_Exercise instructions_
Leave out all pictures and retype exactly the lines from the one with "Spice and Wolf, dancing" through the last line of the material.

***** Information supplied

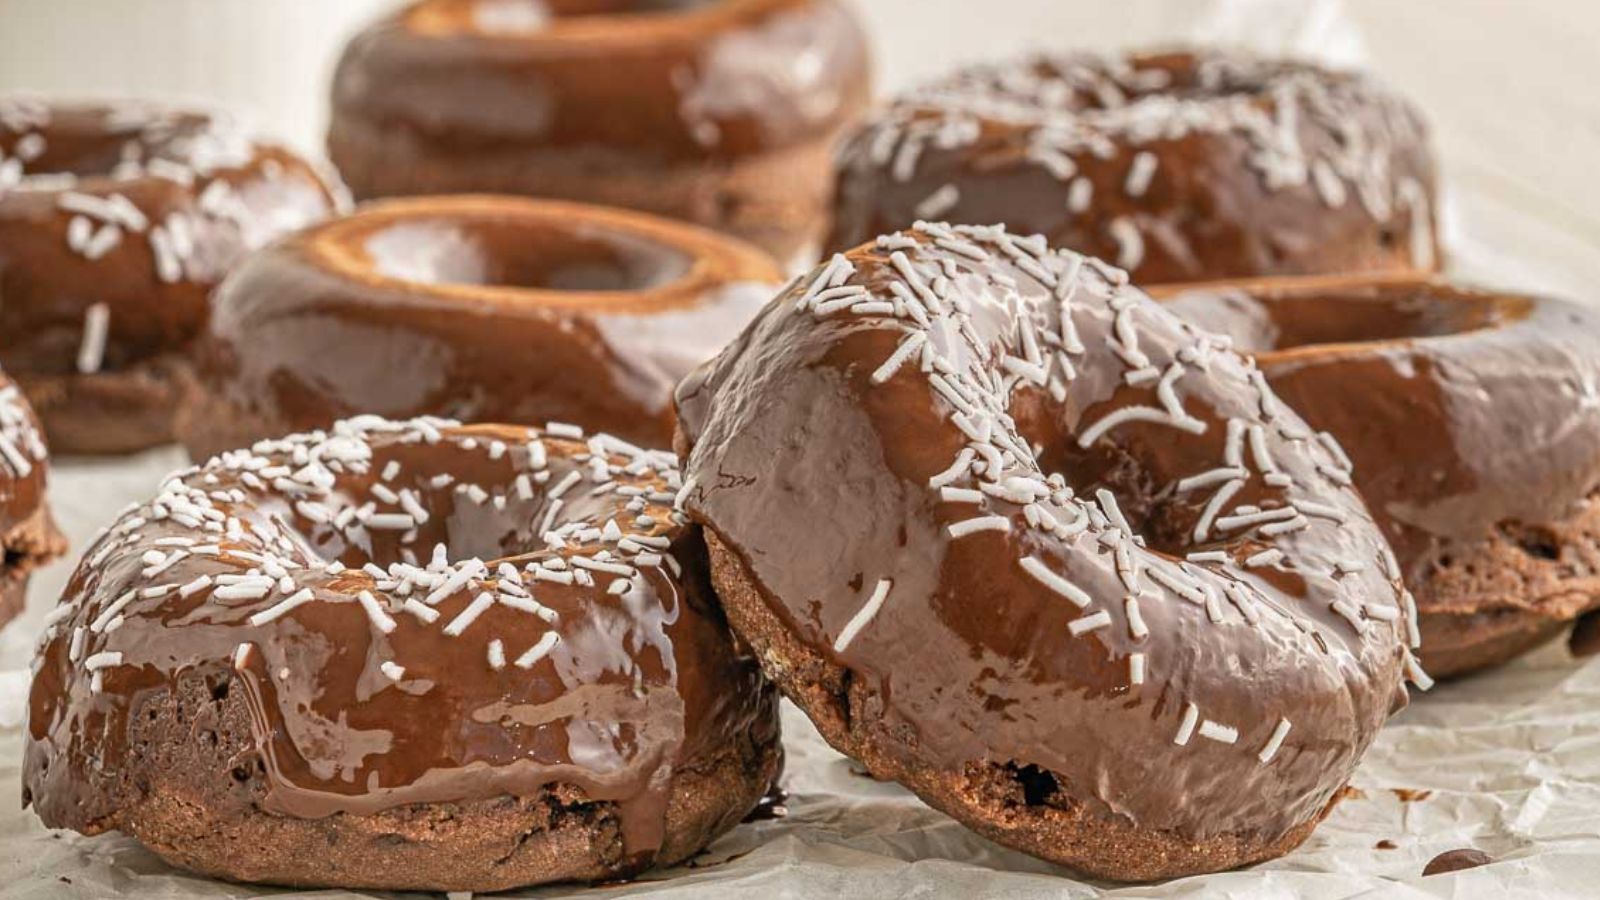 Chocolate covered donuts on a baking sheet.
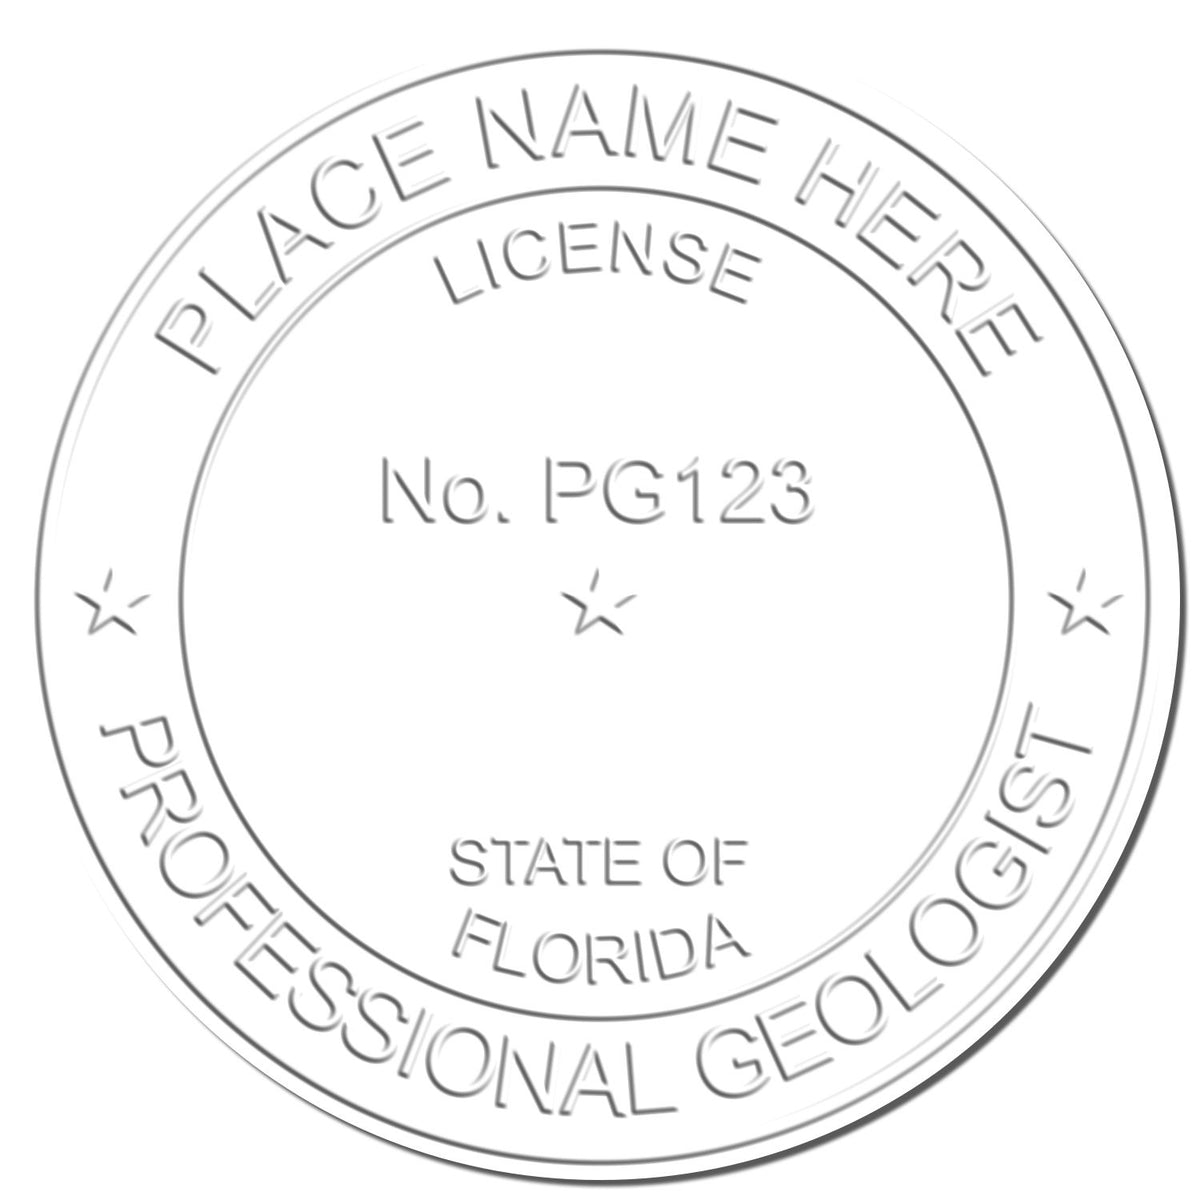 A photograph of the Hybrid Florida Geologist Seal stamp impression reveals a vivid, professional image of the on paper.
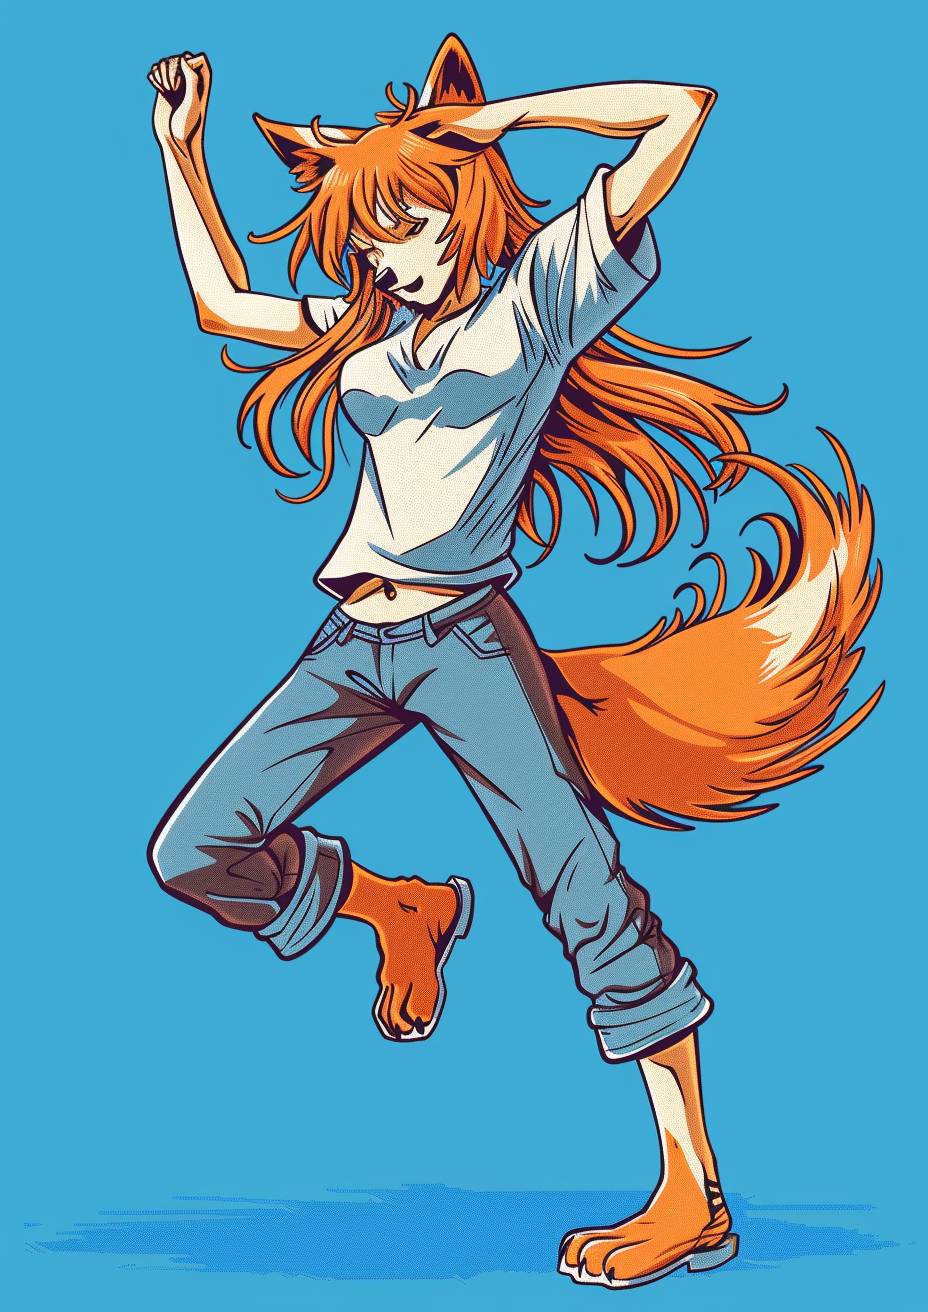 Spice and Wolf, dancing orange haired Holo character illustration, blue background, Keith Haring style doodle, Sharpie illustration, midline and solid color, simple details, minimalist.
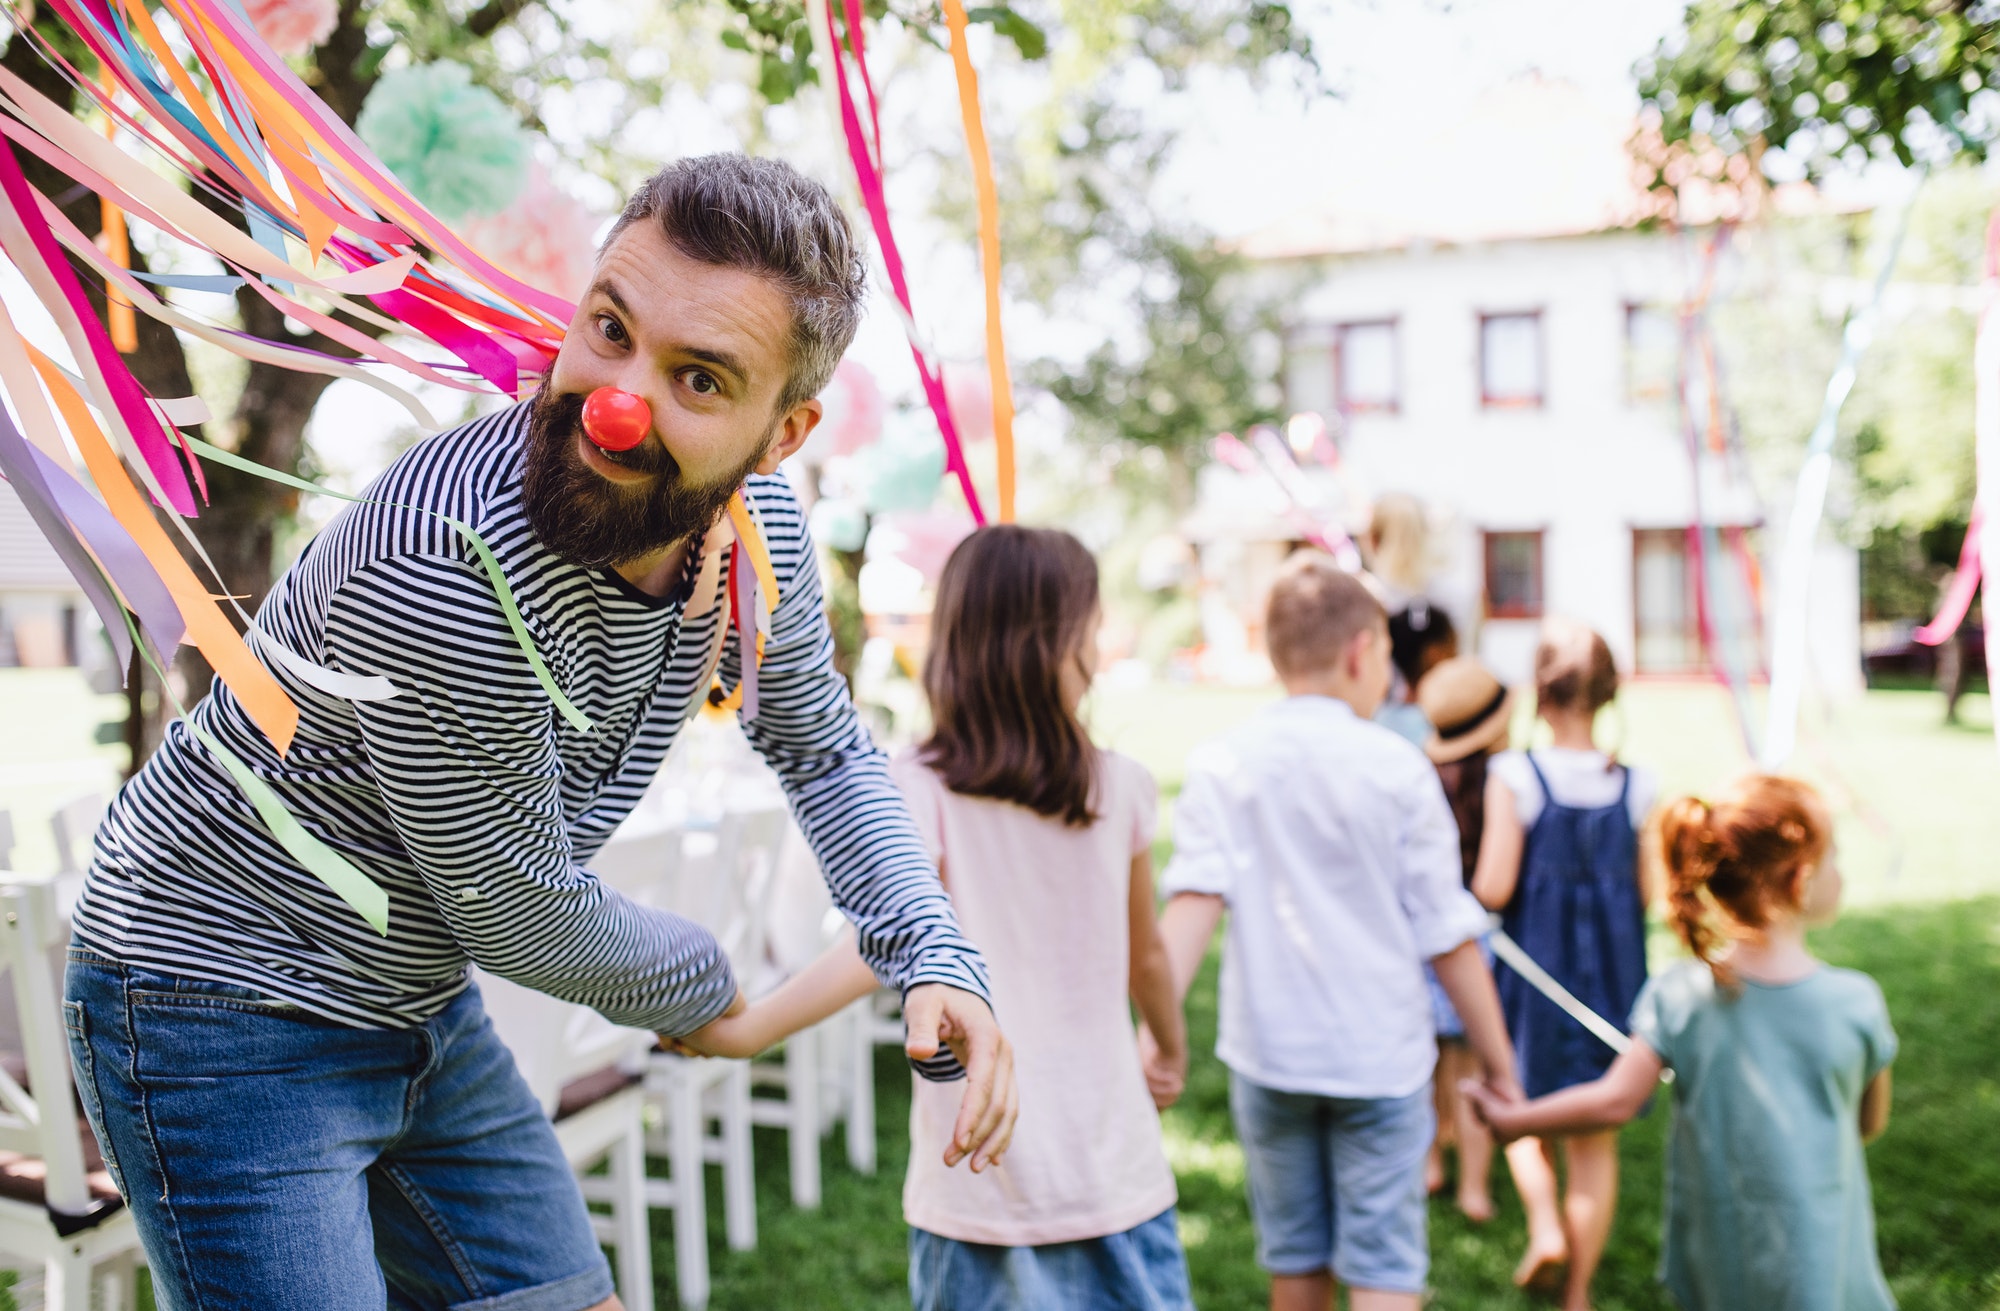 Man with kids on birthday party playing outdoors in garden in summer.

**********

_Solution_
 Spice and Wolf, dancing orange haired Holo character illustration, blue background, Keith Haring style doodle, Sharpie illustration, midline and solid color, simple details, minimalist.
 Man with kids on birthday party playing outdoors in garden in summer.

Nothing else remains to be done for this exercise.